Orang nomor satu di Jawa Tengah ini membuat gebrakan supaya bahasa daerah tetap diminati. Salah satunya setiap Kamis, dalam berbagai acara pemerintahan di Pemprov Jateng wajib menggunakan bahasa Jawa.
Tak hanya itu, Ganjar juga mewajibkan seluruh pegawai di Jawa Tengah mengenakan baju daerah setiap tanggal 15. Kebijakan itu dibuat supaya seluruh lapisan masyarakat di Jawa Tengah mencintai budaya daerah masing-masing, termasuk bahasa dan dialegnya.
"Mengenakan baju daerah mudah, bisa lah. Nah, saat Hari Kamis menggunakan bahasa Jawa sulit dipraktekkan. Ini problem, tidak apa-apa, sebisa mungkin tetap menggunakan bahasa daerah," jelasnya.

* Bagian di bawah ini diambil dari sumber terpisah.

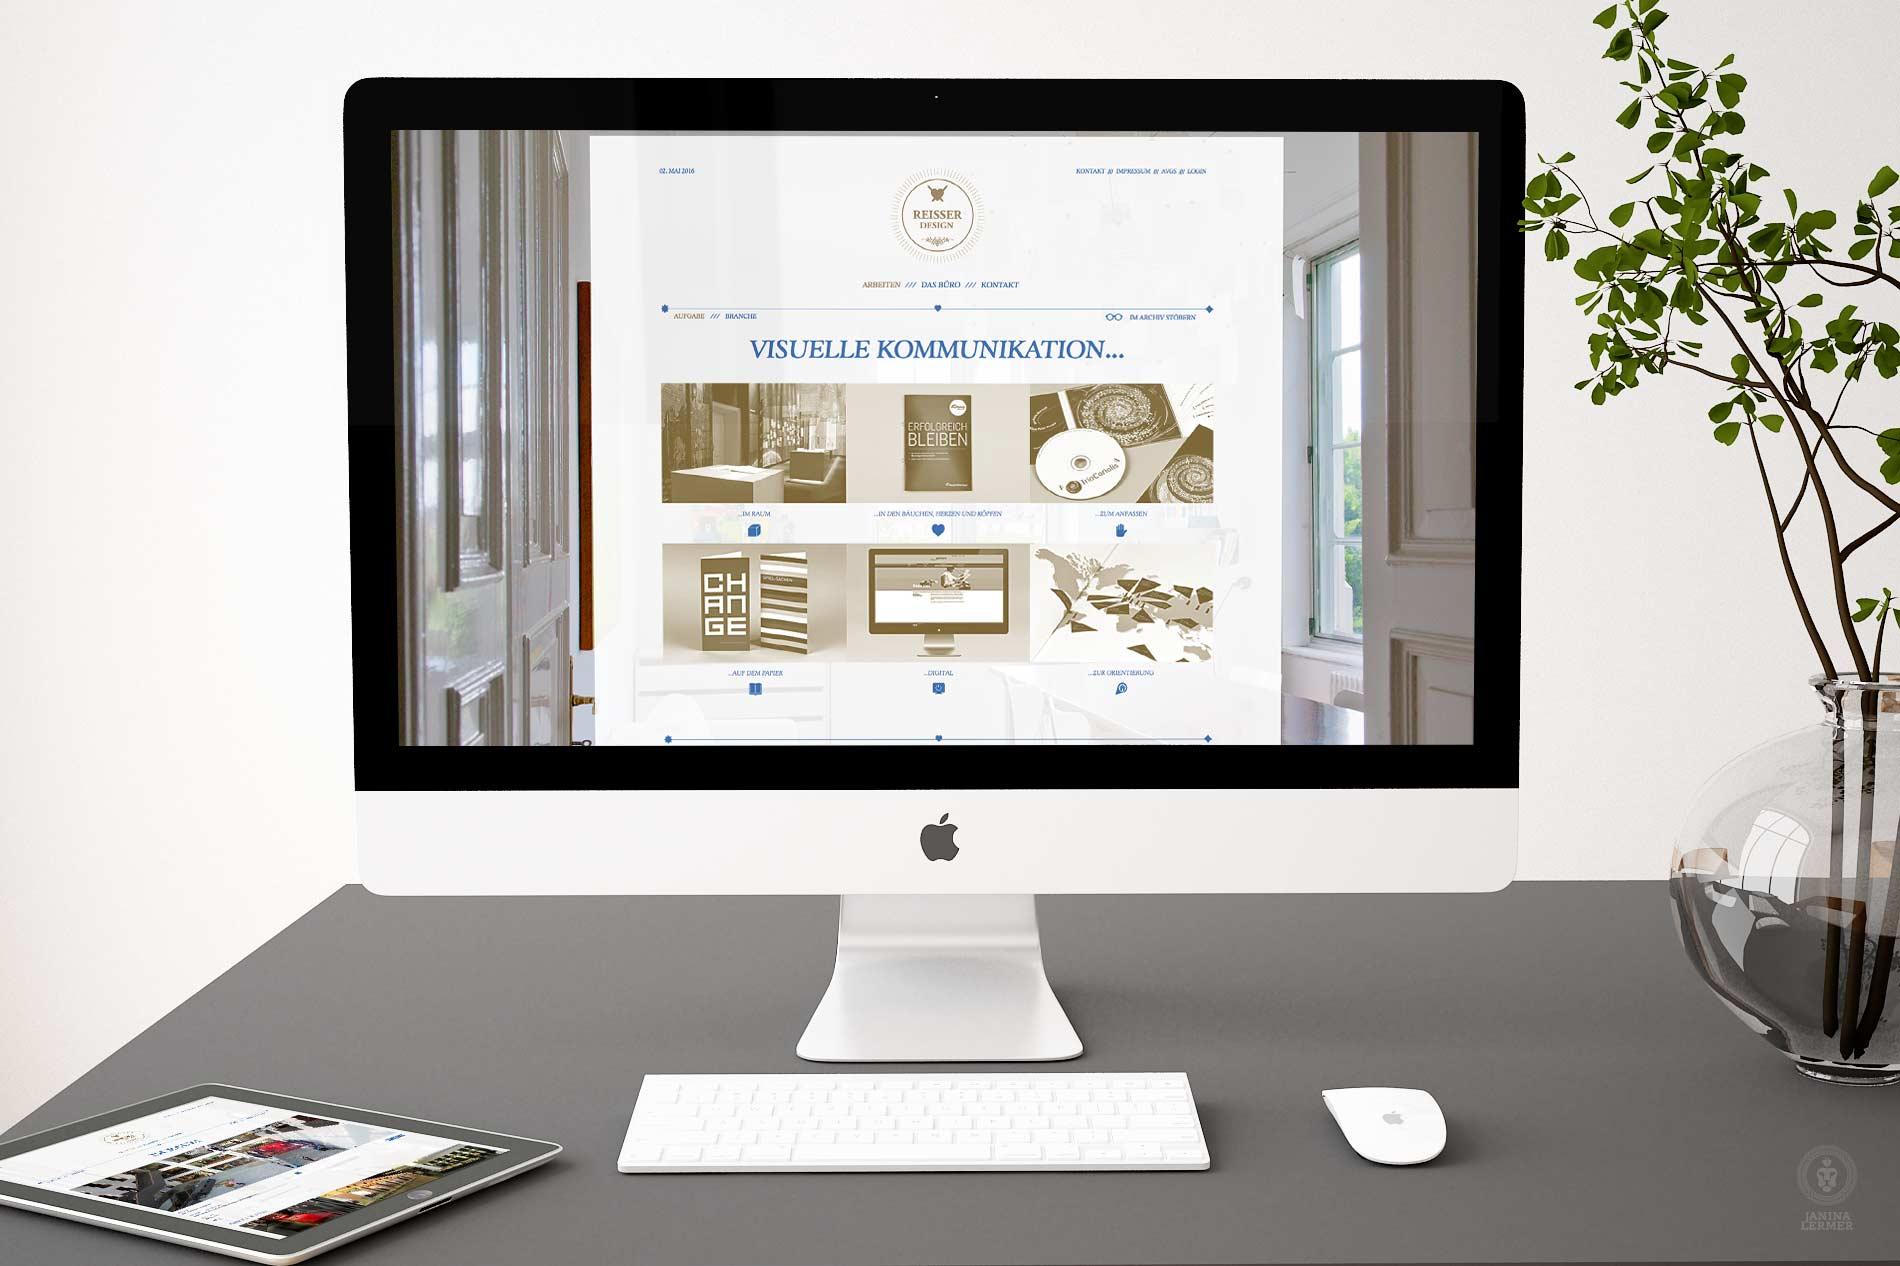 Janina-Lermer-Webseitenkonzept-Webseitengestaltung-Webdesign-Reisserdesign-Projekte-Projects

Logat dan dialeg bahasa Jawa satu daerah dengan daerah lain juga berbeda. Ganjar menyebut logat gaya bahasa Jawa orang Yogya dan Solo yang terkenal halus, berbeda dengan orang Banyumas, Tegal, Cilacap, Pantura, dan lainnya.
"Tidak apa-apa, tunjukkan bahwa anda orang Banyumas dengan dialegnya yang khas, orang pesisir (Pantura) dengan ciri khasnya, orang Solo dan Yogya dengan gaya bahasa yang halus, kita harus bangga memiliki gaya dan dialeg bahasa daerah, gitu lho," ungkapnya.
Ganjar sempat berkunjung ke Suriname, negara bagian di Amerika Selatan bekas jajahan Belanda. Tak sedikit penduduk Suriname pandai menggunakan bahasa Jawa. Sebab di antara mereka merupakan warga Indonesia yang dibawa ke negara tersebut saat penjajahan Belanda.
Beberapa di antara mereka tetap menggunakan bahasa Jawa dalam percakapan sehari-hari. Tak heran, masih ada penduduk Suriname yang pandai berbahasa Jawa.
Ganjar juga sempat memamerkan foto saat berkunjung ke negara tersebut. Dia juga sempat meminta audiens yang merupakan warga Suriname untuk berdiri. Sebab, ada beberapa orang dari Suriname yang turut hadir sebagai tamu dalam KBJ VI ini.
"Ketika saya berbicara bahasa Inggris, mereka paham. Bahkan ada yang menjawab dengan bahasa Jawa Kromo Inggil, setelah saya tanya ternyata dulunya orang Mlati (Sleman)," tutur politikus PDIP ini.
Melestarikan budaya, kata Ganjar, banyak cara yang bisa dilakukan. Budaya menggunakan bahasa daerah perlu diimplemantasikan dalam berbagai kesempatan. Bahasa merupakan salah satu unsur dari budaya yang ada.
Dalam kesempatan tersebut, Ganjar menyampaikan banyak langkah yang sudah ditempuh dalam mengoptimalkan pengembangan, pelestarian, dan pendidikan bahasa dan sastra Jawa di Jateng. Banyak dialeg yang beragam harus bisa dijadikan pembentuk kepribadian bangsa.